You are almost certainly doing something bad with pointers in your C++ code, which can be very tough to debug.

  • Do not assume that the stack trace is relevant. It might be relevant, but pointer misuse can often lead to crashes some time later
  • Build with full warnings on. The compiler can point out some non-obvious pointer misuse, such as returning a reference to a local.
  • Investigate your arrays. Try replacing arrays with std::vector (C++03) or std::array (C++11) so you can iterate using begin() and end() and you can index using at().
  • Investigate your pointers. Replace them with std::unique_ptr(C++11) or boost::scoped_ptr wherever you can (there should be no overhead in release builds). Replace the rest with shared_ptr or weak_ptr. Any that can't be replaced are probably the source of problematic logic.

Because of the very problems you're seeing, modern C++ allows almost all raw pointer usage to be removed entirely. Try it.

1
votes

First things first, compile both your binary and libpython with debug symbols and push it out. The stack trace will be much easier to follow.

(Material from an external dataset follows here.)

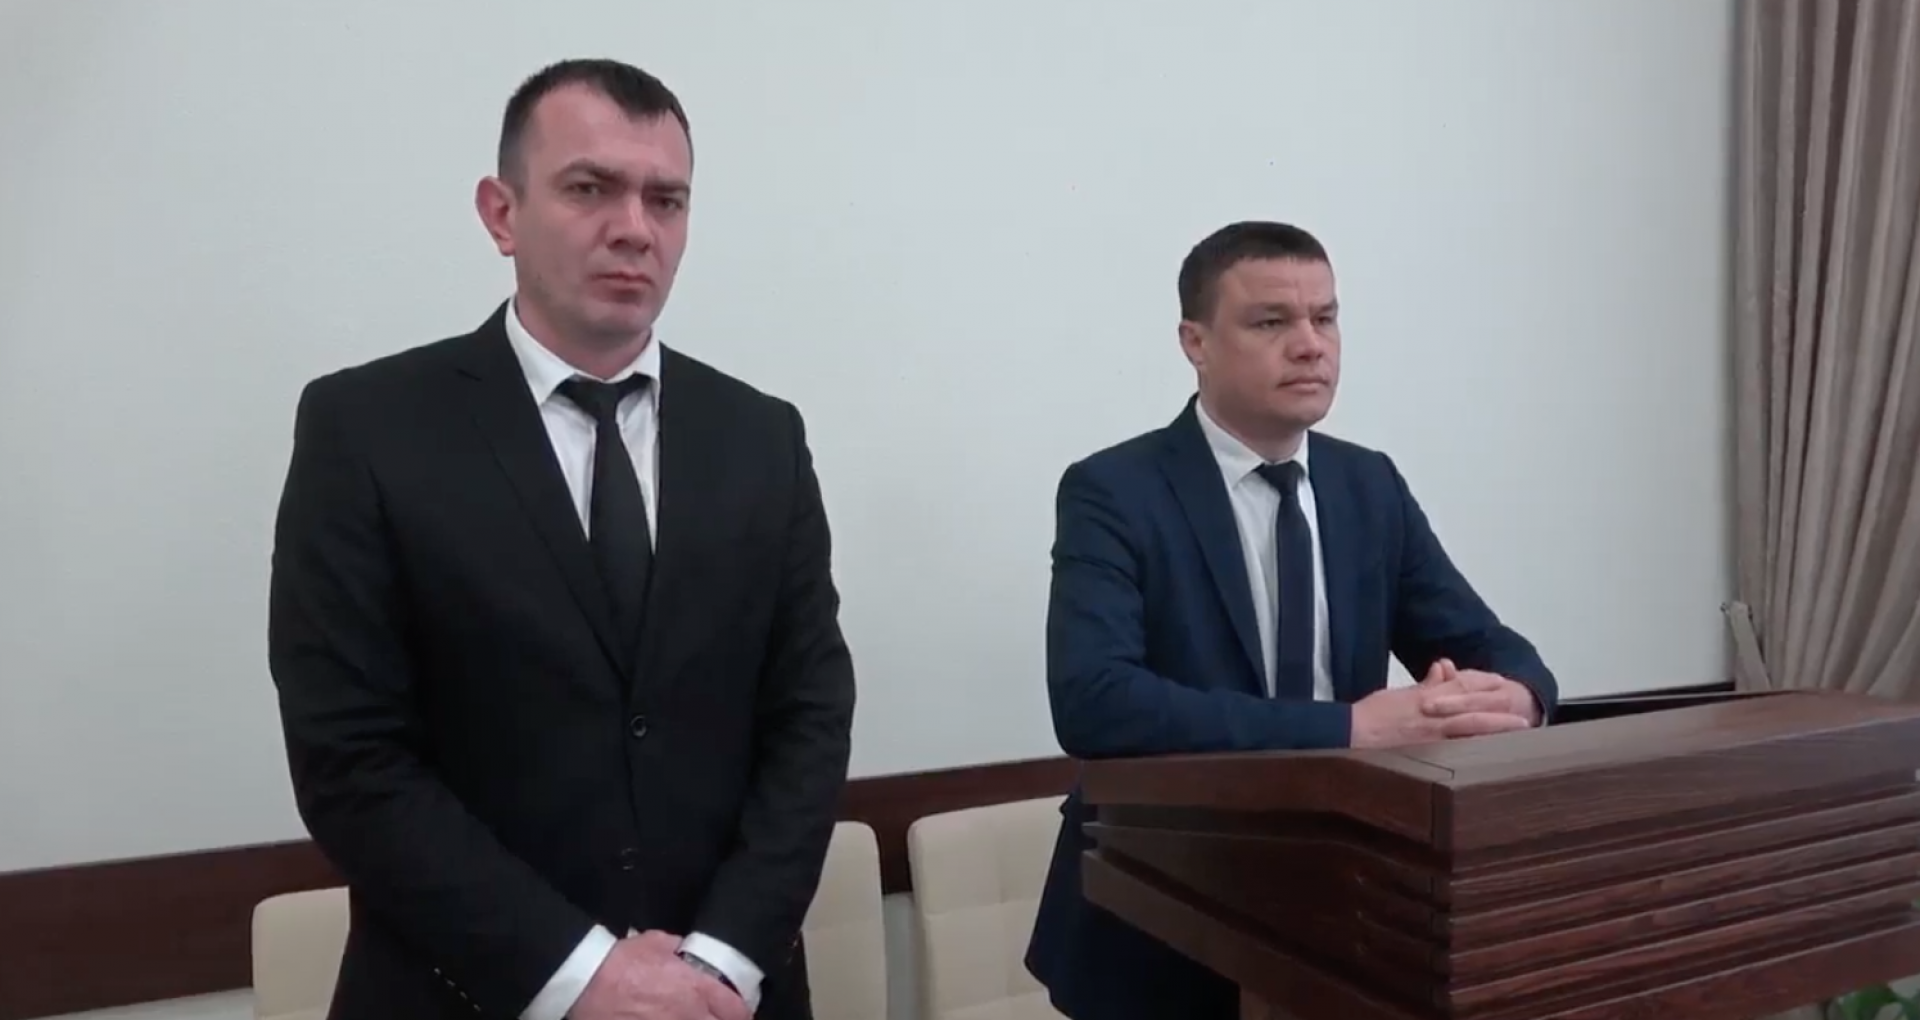 Procurorul din cadrul Procuraturii raionului Nisporeni Andrei Lesnic, care anterior a fost trimis pe banca acuzațiilor pentru complicitate la pregătirea infracțiunii de amestec în înfăptuirea urmăririi penale, suspendat din funcție

The relevant argument to g++ is -g.

1
votes

Suggestions:

  • As already suggested, provide a complete debug build
  • Provide a memory test tool and a CPU torture test
  • Load debug symbols of python library when analyzing the core dump
  • The stacktrace shows something concerning eval(), so I guess you do dynamic code generation and evaluation/execution. If so, within this code, or passed arguments, there might be the actual error. Assertions at any interface to the code and code dumps may help.